Henry was still on the phone when she got back to the main room.

She crawled up on a kitchen chair and, so he wouldn’t have to stoop while fixing her bandages, turned, sat down on the table top, put her knees together primly, her stocking feet in the chair, and waited.

She heard him thanking someone, then he came and began telling her what he’d learned as he unrolled the gauze.

“Talked to a professor of anthropology who does archeological evaluation for the state. There was a law passed in 1991 that prohibits desecration or commercial use of skeletal and other burial remains found on either public or private land. But after studies are done and artifacts taken care of, original plans for use of the land can normally be continued. The professor also said he’d never heard of head rights being applied here.

“I’d guess that whatever we might find could serve as a nuisance and delay for the quarry owners, but wouldn’t necessarily stop their plans. And it’s very curious JoAnne wrote down the term
head rights
if it doesn’t apply at all. Maybe someone just told her it did.”

He stuck down the last piece of tape. “There, you’re fixed. Your wrists look good. The cuts are closed, and there’s no evidence of infection.”

She was paying no attention to her wrists. “Well, if Charles Stoker is a murderer and we prove it, then that’ll sure stop the quarry, won’t it? I was certain I’d found a solution when I saw that piece of pottery, but now it looks like we just have to work doubly hard to convict a murderer. I’d like to meet Stoker. Maybe something about him would remind me of the man who tied me up last night. Would doing that help prove his connection to JoAnne’s murder?”

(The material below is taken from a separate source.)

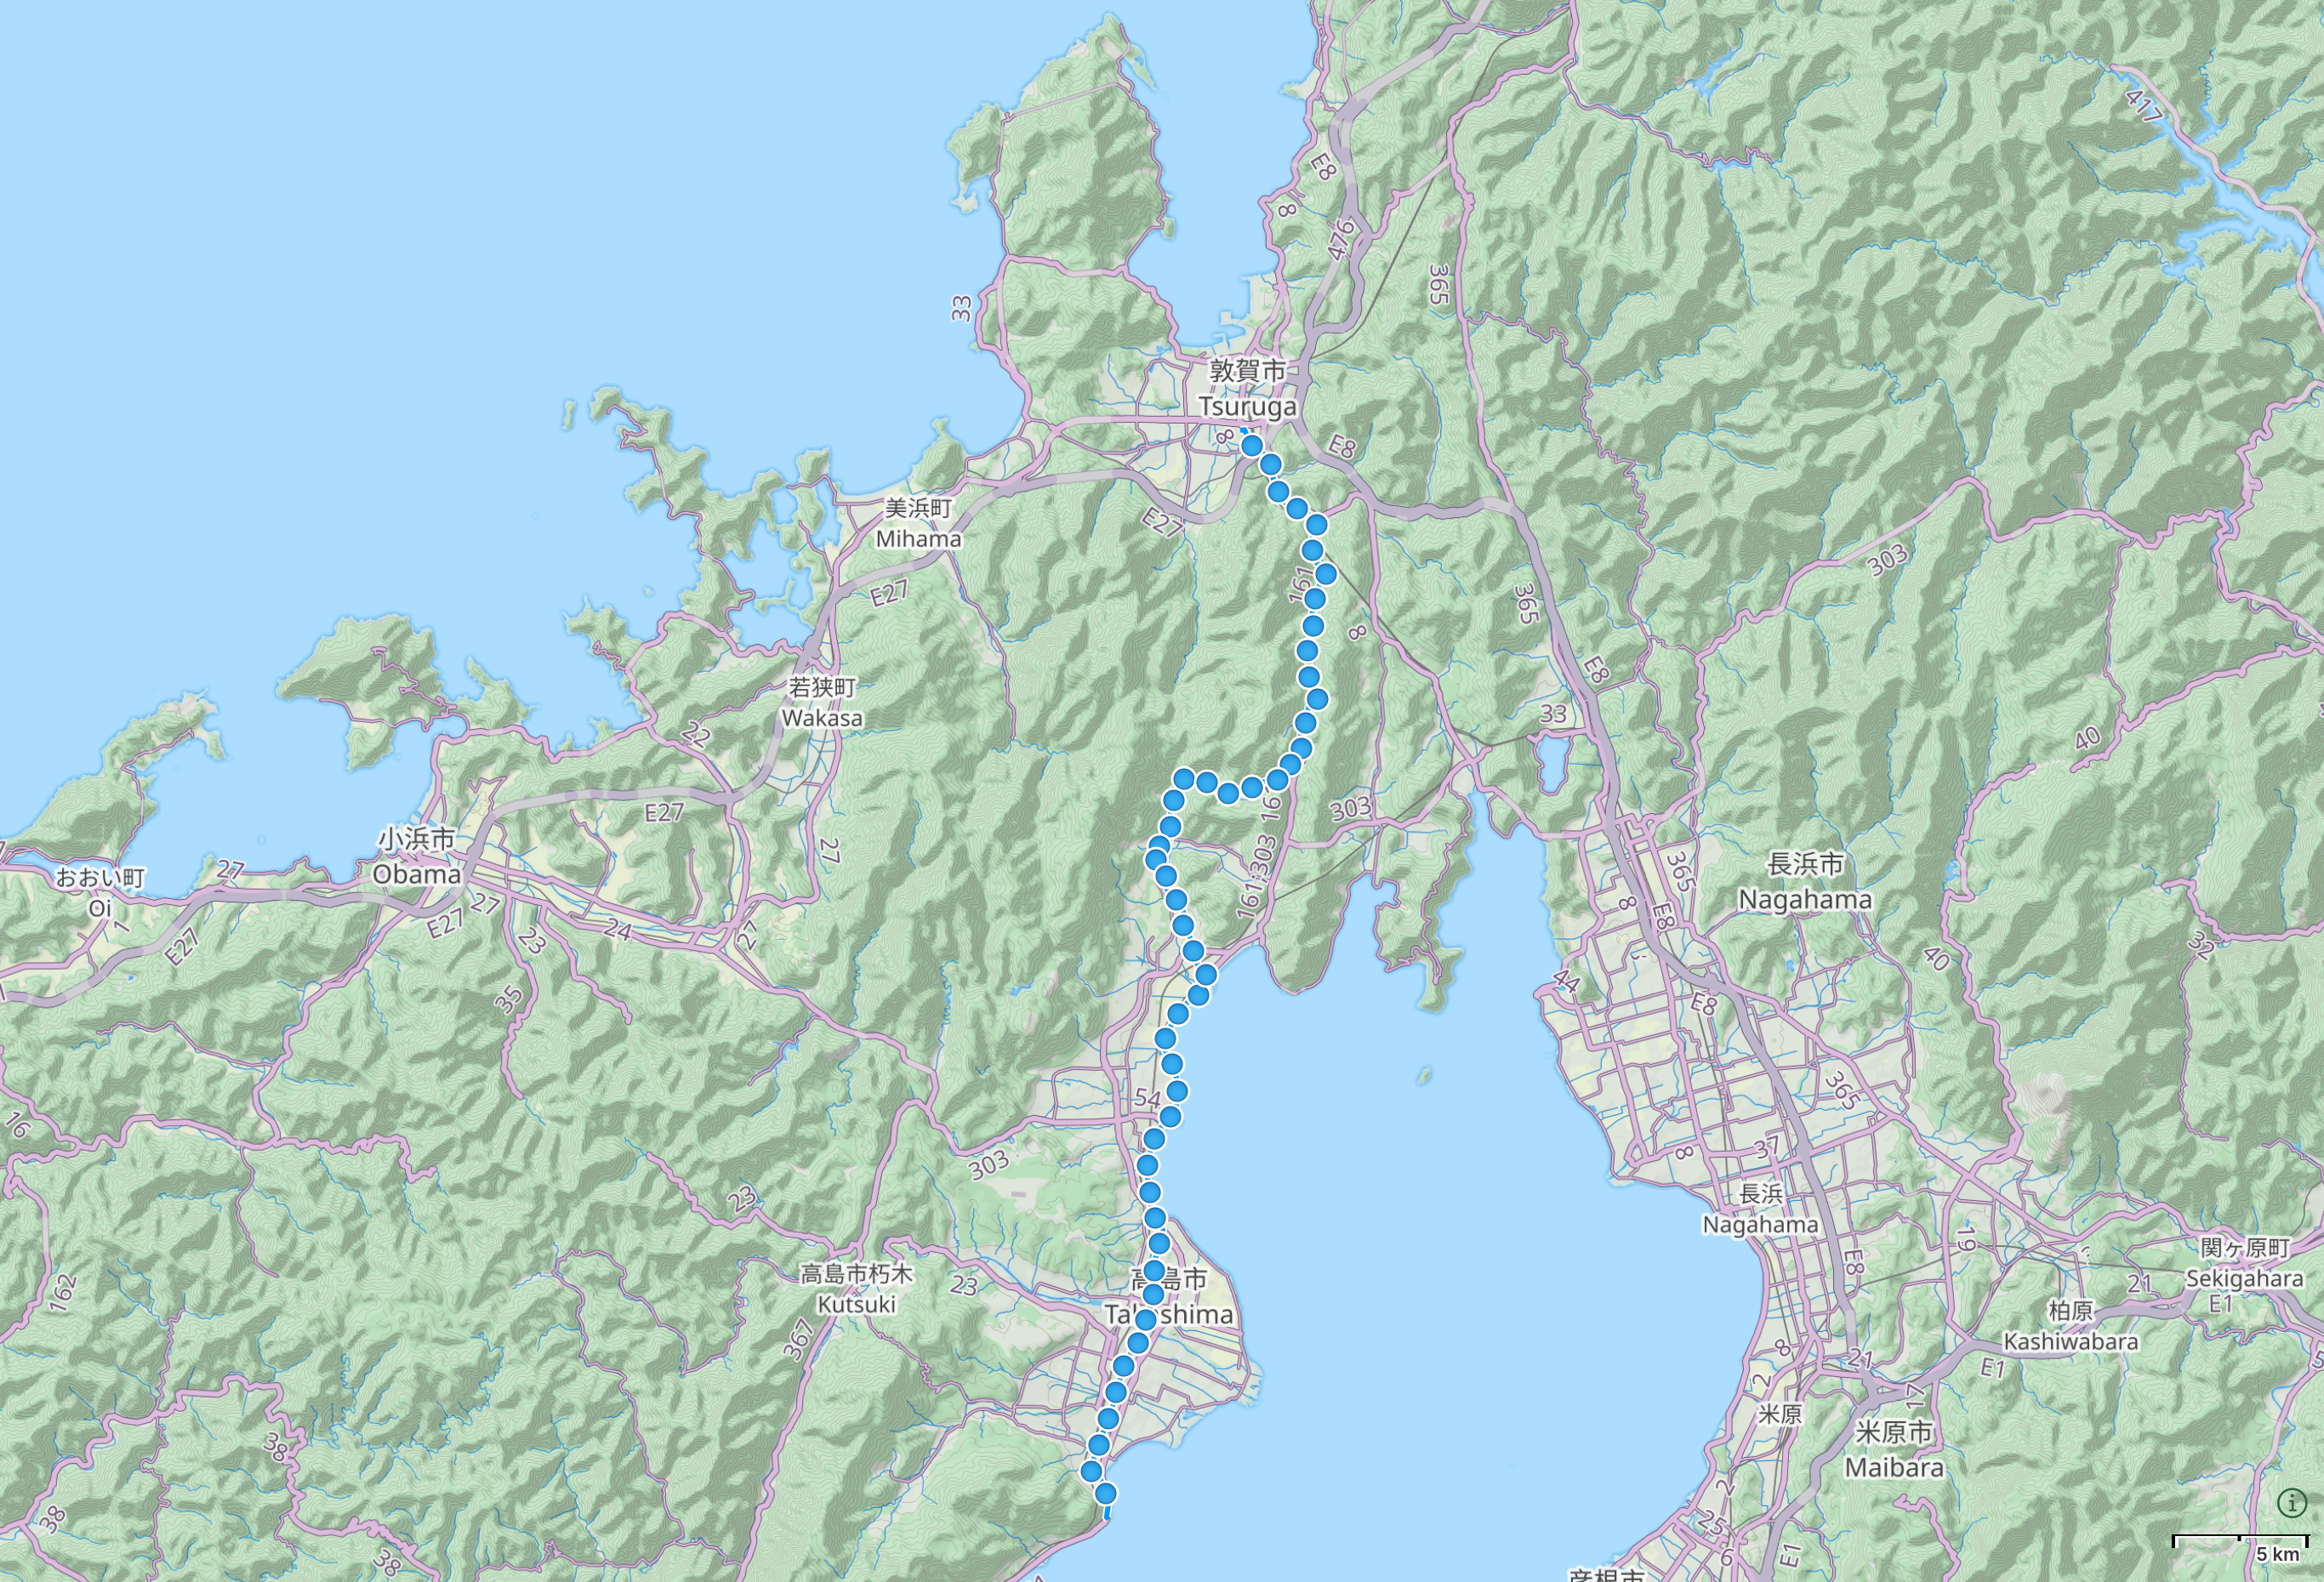 Map of the Lake Biwa/Sea of Japan area with route between Shirahige Shrine and Tsuruga highlighted.

Henry didn’t answer her question. Instead, he said, “Oh. I haven’t had a chance to tell you yet, but Taylor called this morning and told me they talked to Stoker and he says he was hunting Saturday and Sunday. Alone. He says he didn’t kill any deer so didn’t go to a check station. They don’t know where he was last night yet. His wife says he was gone for a couple of hours, but he didn’t tell her where he was—or she didn’t care enough to ask. He’d left for the Missouri quarry when Taylor called this morning. By the way, the drive from Stoker’s home to our valley takes about thirty minutes. Taylor timed it Monday.”

“Hmmm,” she said. “Well, it sounds like finding remains of any historic significance won’t help much, but if that’s the case, why did he steal my piece of pottery?”


Whose
piece of pottery?” asked Henry, and she bit her lip in frustration.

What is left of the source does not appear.